### PROBLEM TO WORK ON
Emit the data below verbatim, stripping out any pictures.

### SUPPLIED MATERIAL
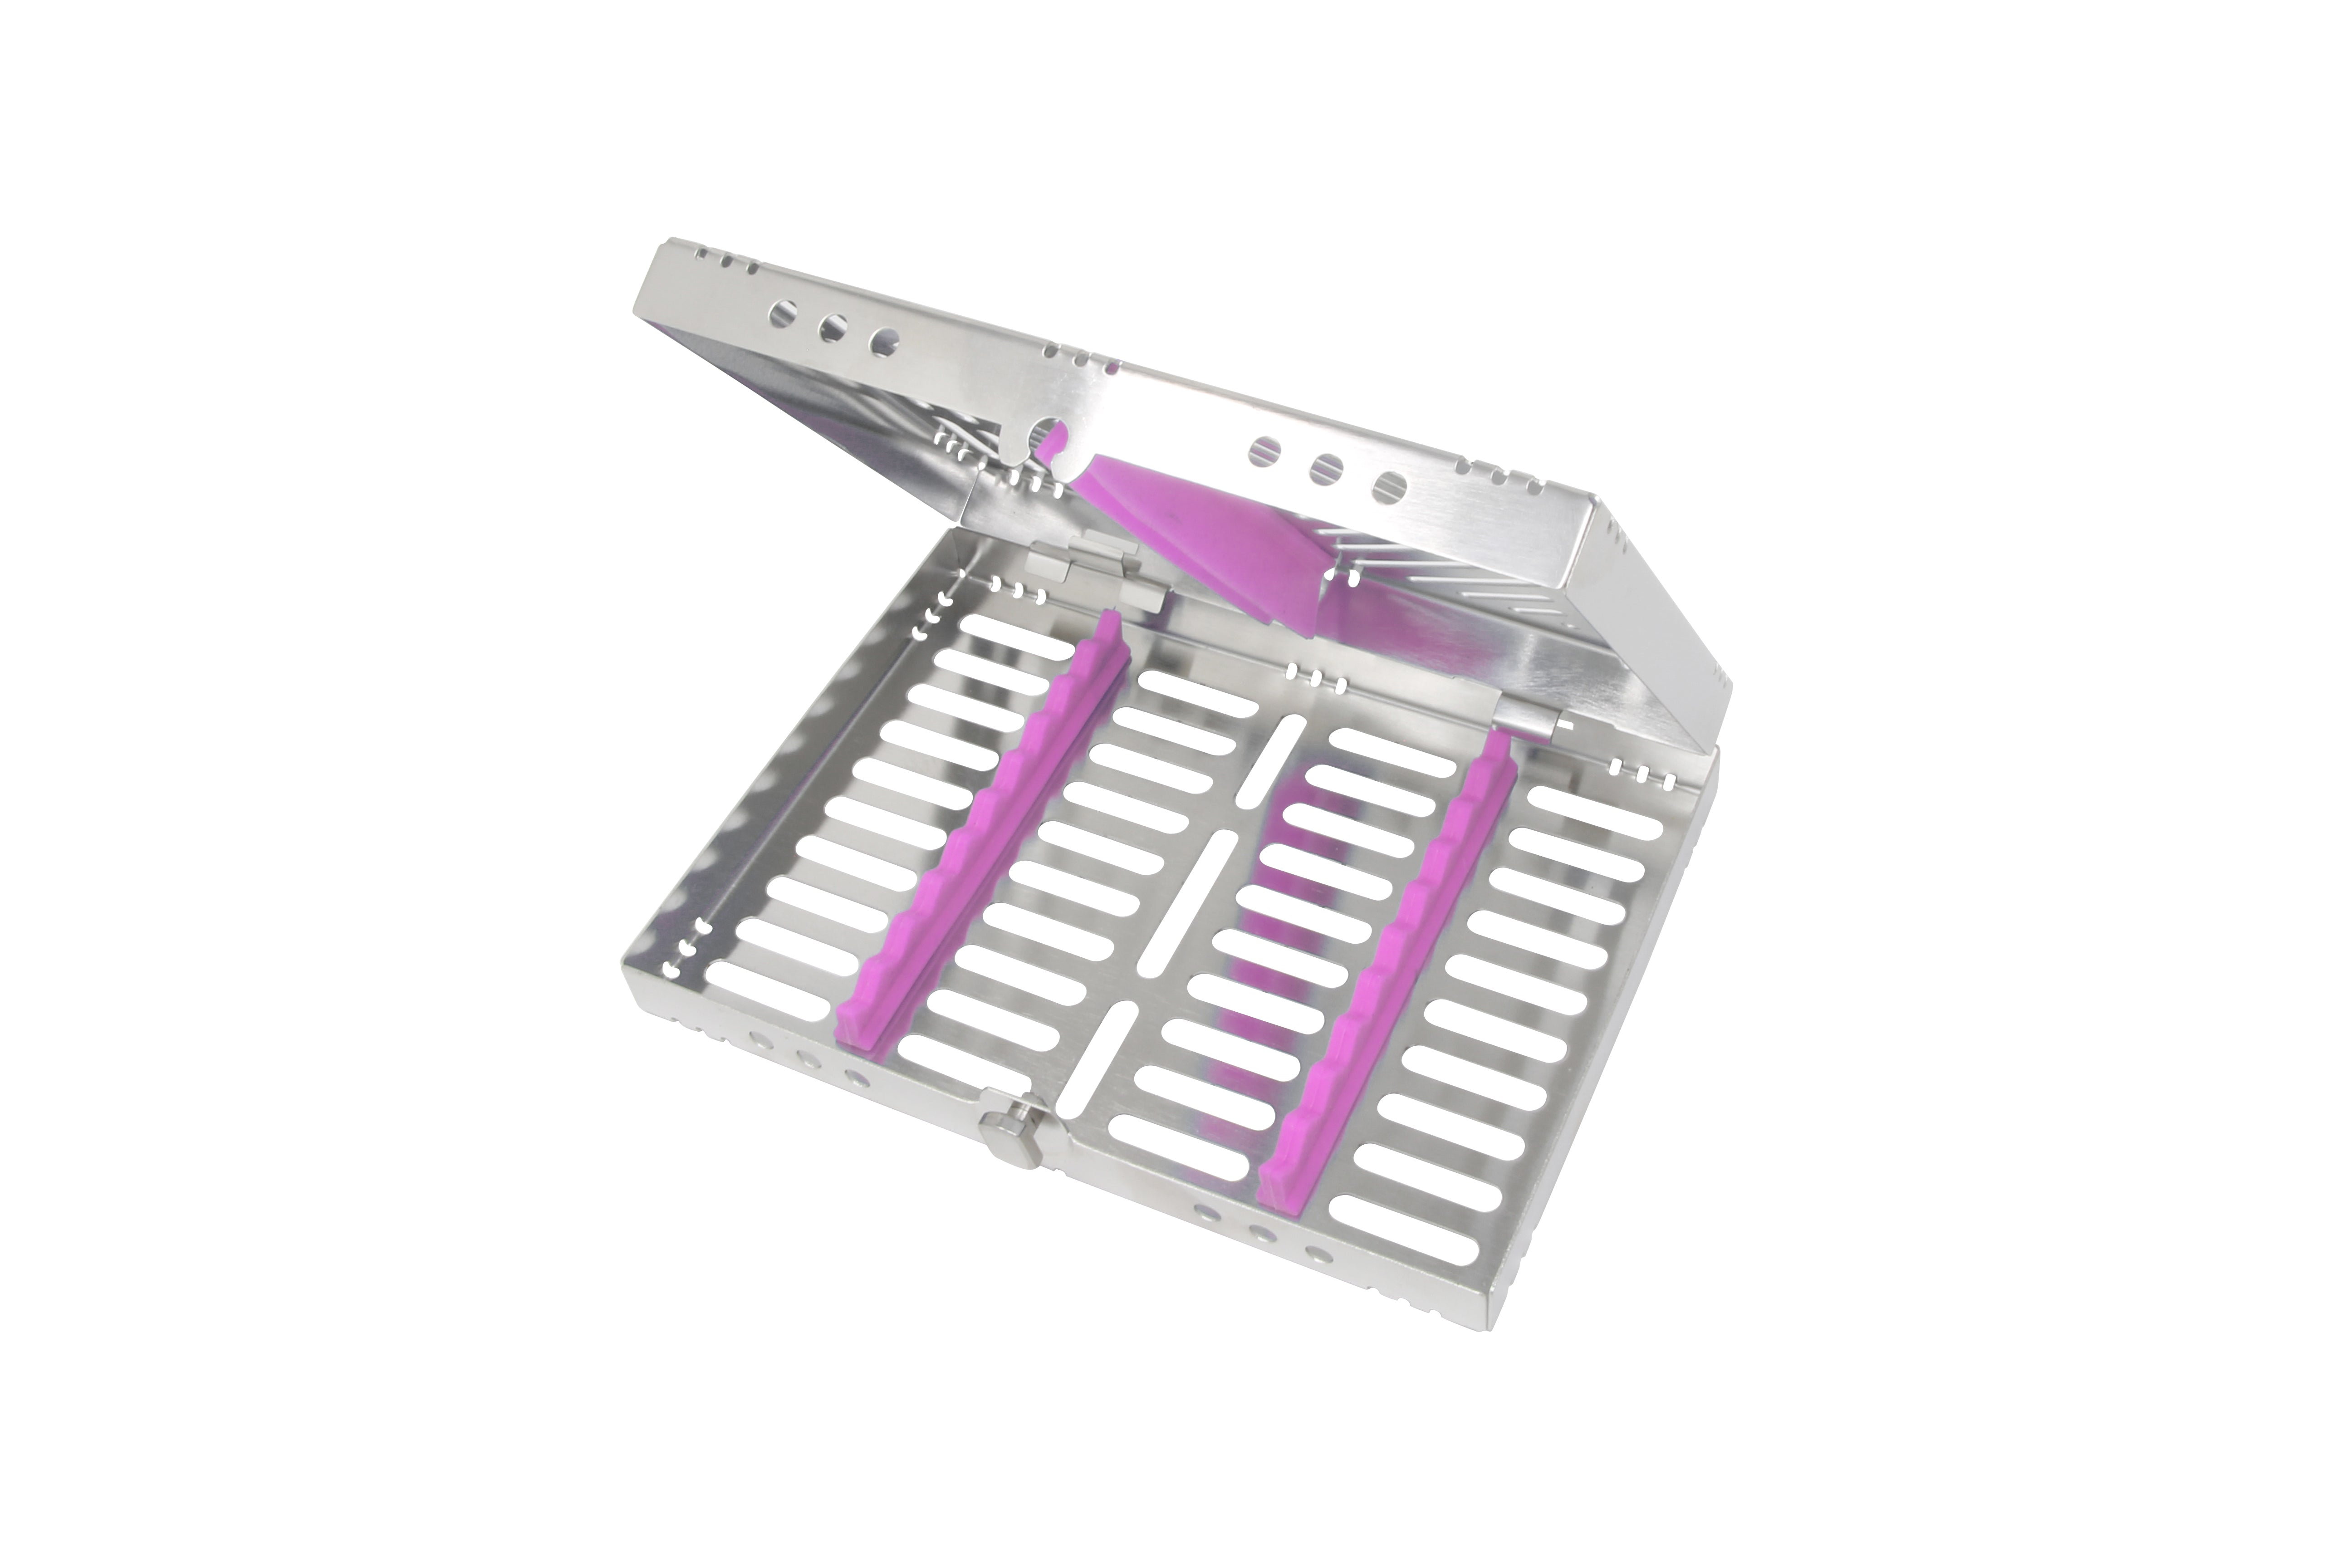 Sterilization Cassette for 10 Instruments - 200x145x32, Detachable - HiTeck Medical Instruments
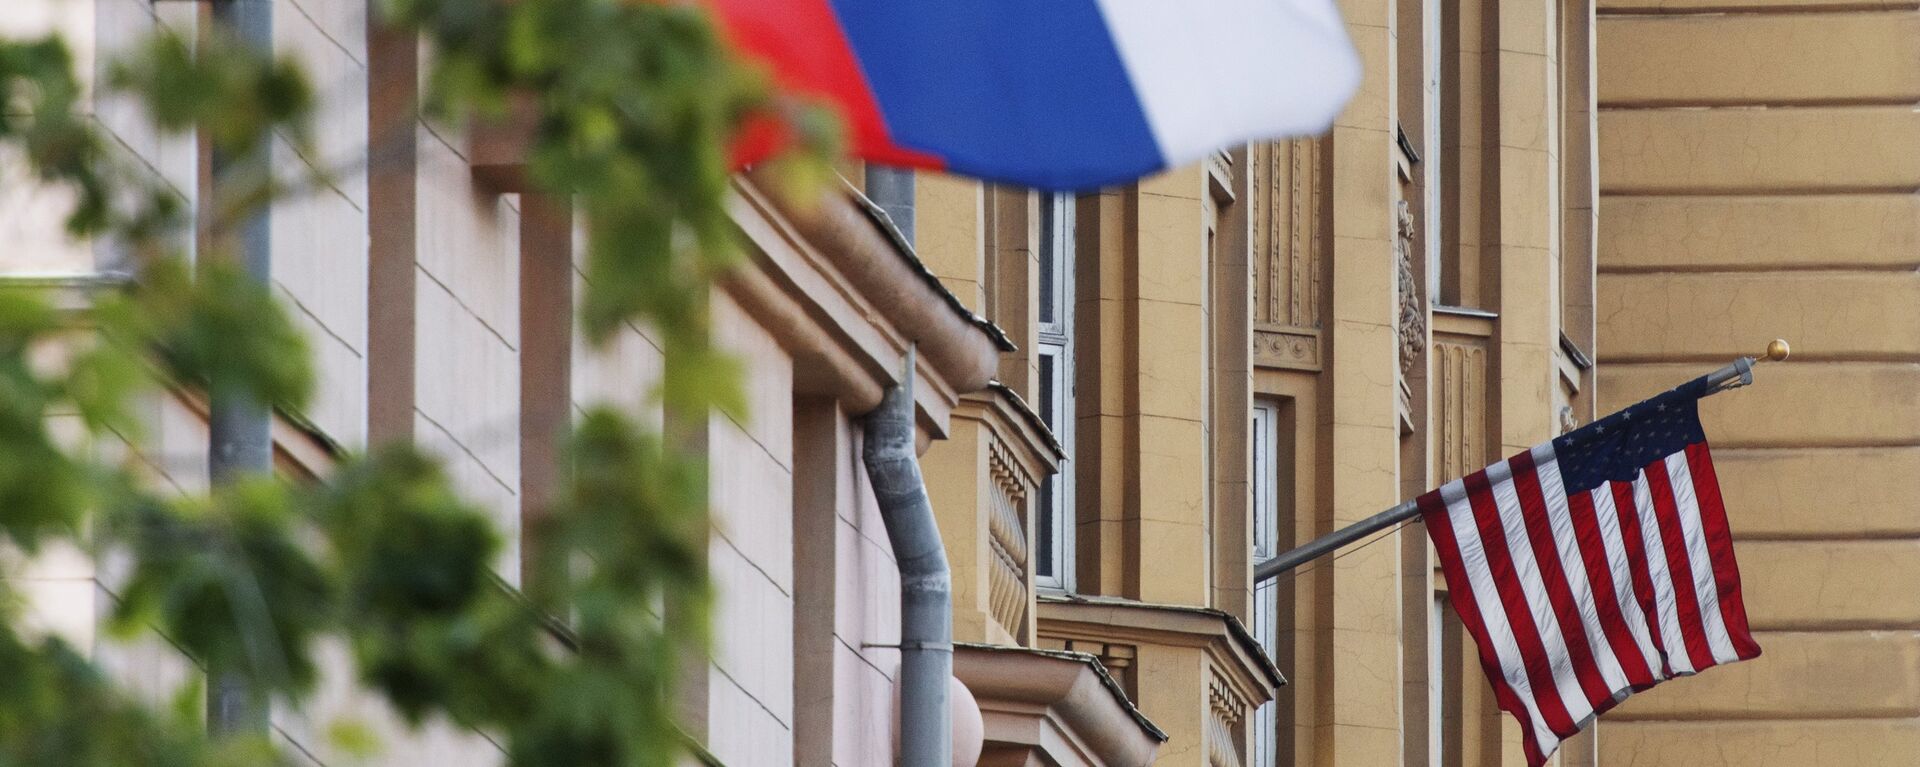 Banderas de EEUU y de Rusia en las proximidades de la Embajada de EEUU en Moscú. - Sputnik Mundo, 1920, 26.12.2020
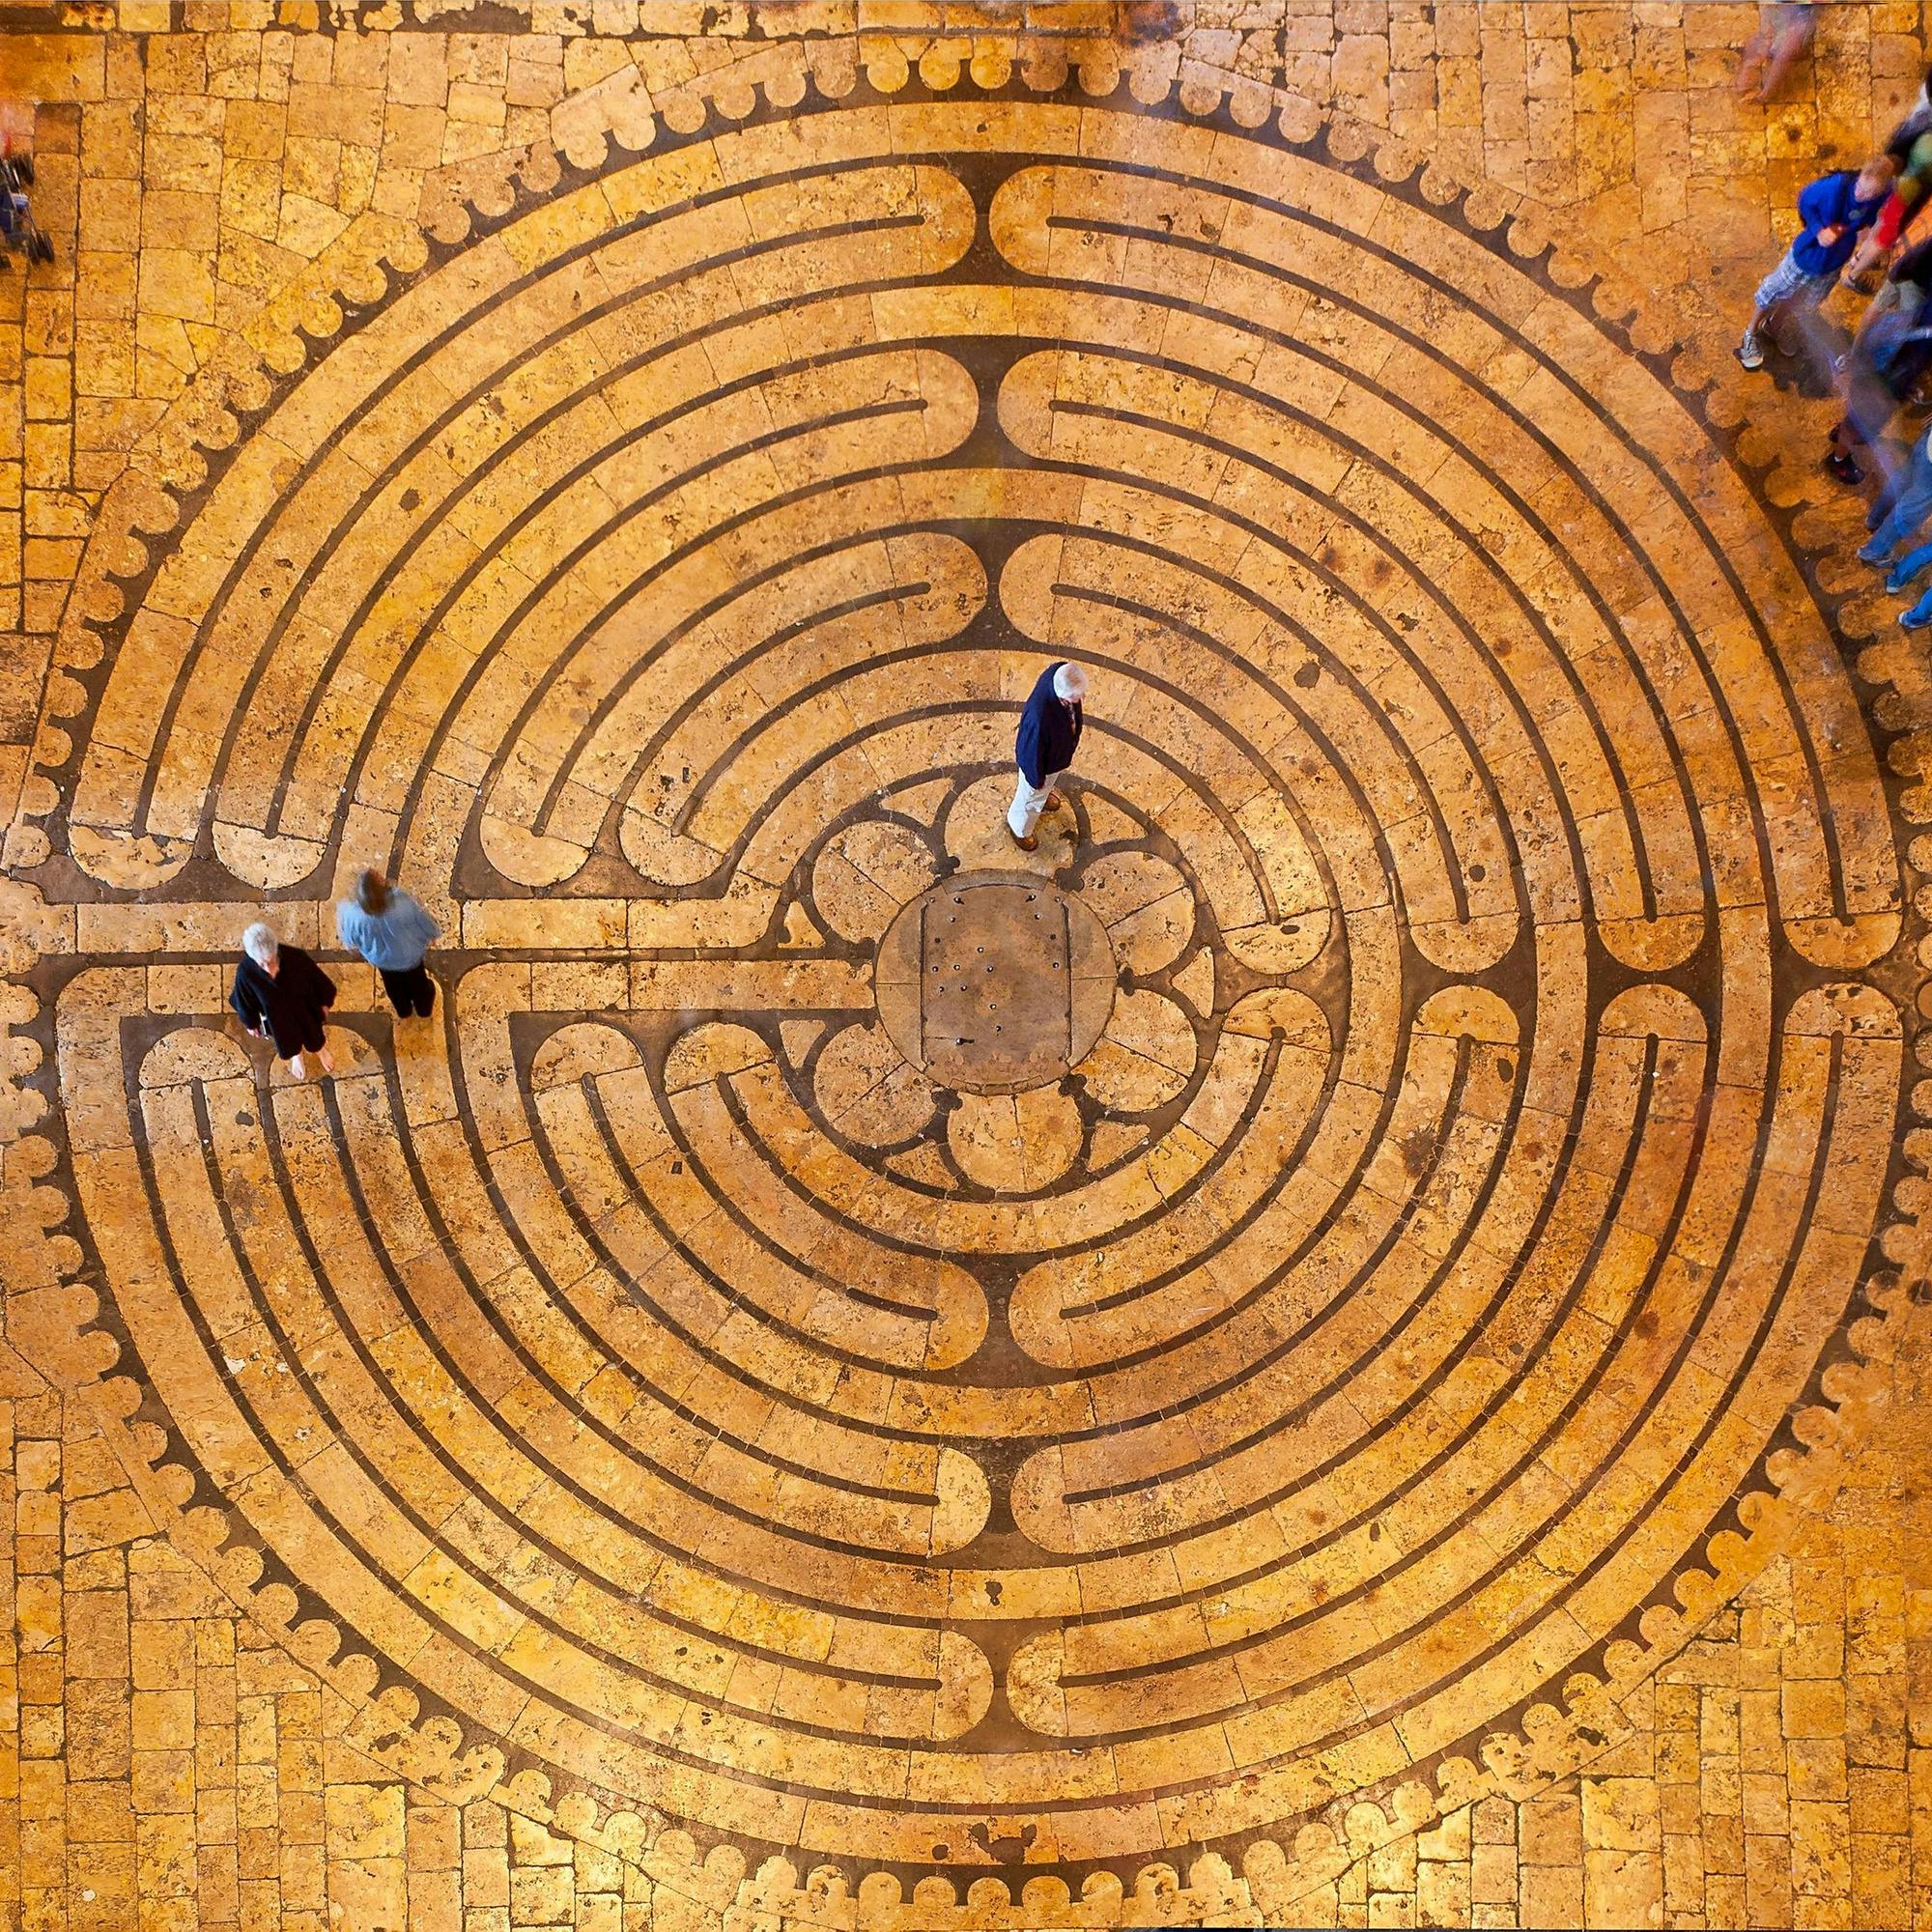 Cathédrale de Chartres Labyrinth, Chartres, France

### ANSWER SPACE
 Sterilization Cassette for 10 Instruments - 200x145x32, Detachable - HiTeck Medical Instruments
 Banderas de EEUU y de Rusia en las proximidades de la Embajada de EEUU en Moscú. - Sputnik Mundo, 1920, 26.12.2020
 Cathédrale de Chartres Labyrinth, Chartres, France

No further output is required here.